Data supplied:
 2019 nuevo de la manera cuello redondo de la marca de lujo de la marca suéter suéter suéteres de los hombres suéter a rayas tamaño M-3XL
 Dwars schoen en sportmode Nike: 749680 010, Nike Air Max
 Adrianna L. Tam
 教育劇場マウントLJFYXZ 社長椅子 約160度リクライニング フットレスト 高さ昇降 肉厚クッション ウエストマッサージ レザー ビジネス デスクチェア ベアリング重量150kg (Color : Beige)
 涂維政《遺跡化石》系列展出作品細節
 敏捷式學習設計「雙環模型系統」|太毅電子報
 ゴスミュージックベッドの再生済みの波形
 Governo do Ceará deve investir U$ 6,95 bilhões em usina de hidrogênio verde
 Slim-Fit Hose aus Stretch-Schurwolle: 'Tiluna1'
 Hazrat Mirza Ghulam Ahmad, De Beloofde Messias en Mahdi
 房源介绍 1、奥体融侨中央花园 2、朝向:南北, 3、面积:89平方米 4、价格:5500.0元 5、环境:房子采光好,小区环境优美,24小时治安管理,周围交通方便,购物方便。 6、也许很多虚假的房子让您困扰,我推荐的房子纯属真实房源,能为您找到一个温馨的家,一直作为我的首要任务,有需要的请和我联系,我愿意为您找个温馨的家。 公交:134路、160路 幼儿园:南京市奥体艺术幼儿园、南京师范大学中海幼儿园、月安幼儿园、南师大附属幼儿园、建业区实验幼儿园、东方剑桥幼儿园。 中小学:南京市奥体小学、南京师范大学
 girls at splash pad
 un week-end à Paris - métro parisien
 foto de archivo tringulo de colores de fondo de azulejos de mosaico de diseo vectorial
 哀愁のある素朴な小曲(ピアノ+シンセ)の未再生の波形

Task directions:
Beginning with the line above that contains "敏捷式學習設計「雙環模型系統」|太毅電子報", copy each line exactly up to and including the line that contains "un week-end à Paris - métro parisien", and go no further.

Output of the exercise:
 敏捷式學習設計「雙環模型系統」|太毅電子報
 ゴスミュージックベッドの再生済みの波形
 Governo do Ceará deve investir U$ 6,95 bilhões em usina de hidrogênio verde
 Slim-Fit Hose aus Stretch-Schurwolle: 'Tiluna1'
 Hazrat Mirza Ghulam Ahmad, De Beloofde Messias en Mahdi
 房源介绍 1、奥体融侨中央花园 2、朝向:南北, 3、面积:89平方米 4、价格:5500.0元 5、环境:房子采光好,小区环境优美,24小时治安管理,周围交通方便,购物方便。 6、也许很多虚假的房子让您困扰,我推荐的房子纯属真实房源,能为您找到一个温馨的家,一直作为我的首要任务,有需要的请和我联系,我愿意为您找个温馨的家。 公交:134路、160路 幼儿园:南京市奥体艺术幼儿园、南京师范大学中海幼儿园、月安幼儿园、南师大附属幼儿园、建业区实验幼儿园、东方剑桥幼儿园。 中小学:南京市奥体小学、南京师范大学
 girls at splash pad
 un week-end à Paris - métro parisien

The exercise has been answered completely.